Problem
Current AI coding tools lack governance. They mix planning, coding, and review into a single reasoning stream with no role separation, no mandatory gates, and no auditability. The result is refactor drift, scope violations, hallucinated changes, and poor traceability.
Solution
Software Fabric is a governance-driven orchestration system for AI coding agents. It transforms LLM-based development from chat-based coding into an industrialized, traceable, repeatable engineering process.
Core design principles:
- CI is authority — gates decide correctness, not the model
- Roles are separated even when the same model is used (Planner / Implementer / Reviewer)

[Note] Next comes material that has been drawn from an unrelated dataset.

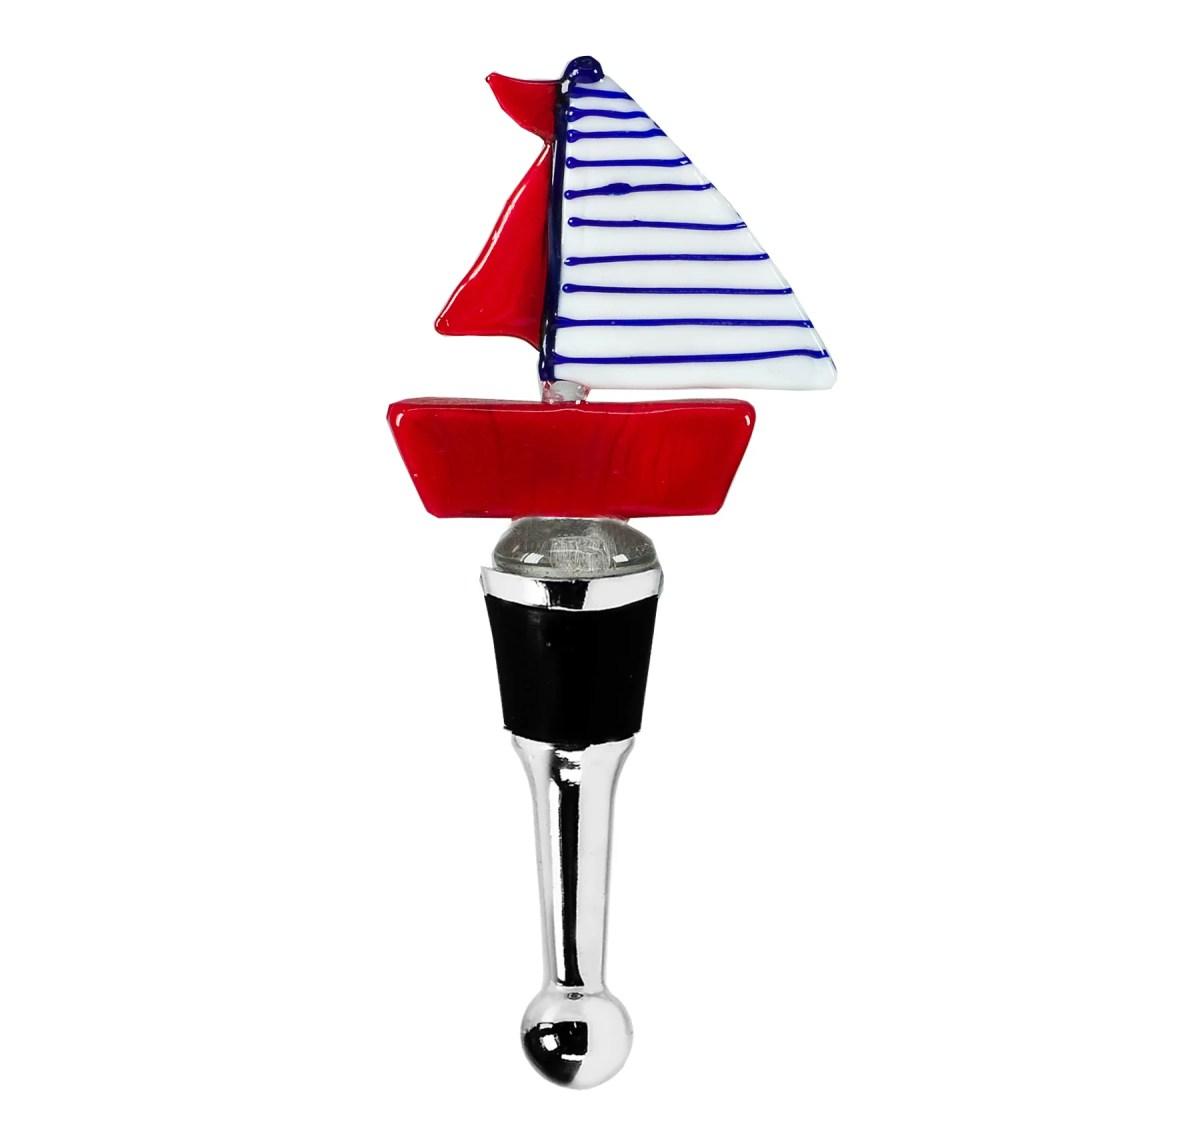 8519 Edzard Flaschenverschluss Weinverschluss Segel Boot Glas Frosch Sektverschluss

- Artifacts over conversation memory — every run produces immutable outputs
- Policy precedes autonomy — allowlists, diff budgets, and iteration limits are enforced
- Cost control is built-in — local models for planning and review, remote only on demand
System components:
- fabric-api — REST endpoints, job lifecycle management
- fabric-worker — orchestration loop, provider calls, retry logic
- fabric-runner — Docker sandbox for patch application and gate execution
- fabric-policy — allowlist enforcement, diff budget validation, iteration caps
- Providers layer — local (Ollama), OpenAI, Anthropic
Architecture
Each job moves through a defined state machine: CREATED → PLANNED → IMPLEMENTING → VERIFYING → REVIEWING → READY_TO_RELEASE → RELEASED / FAILED. Mandatory gates (pytest, ruff, mypy, pip-audit) block progression on failure. All changes produce structured artifacts: SPEC.md, DIFF.patch, VERIFY.log, REVIEW.md, results.json.
Result
A system that makes AI-assisted software production auditable and controllable — not by limiting what AI can do, but by structuring how it operates under human architectural supervision.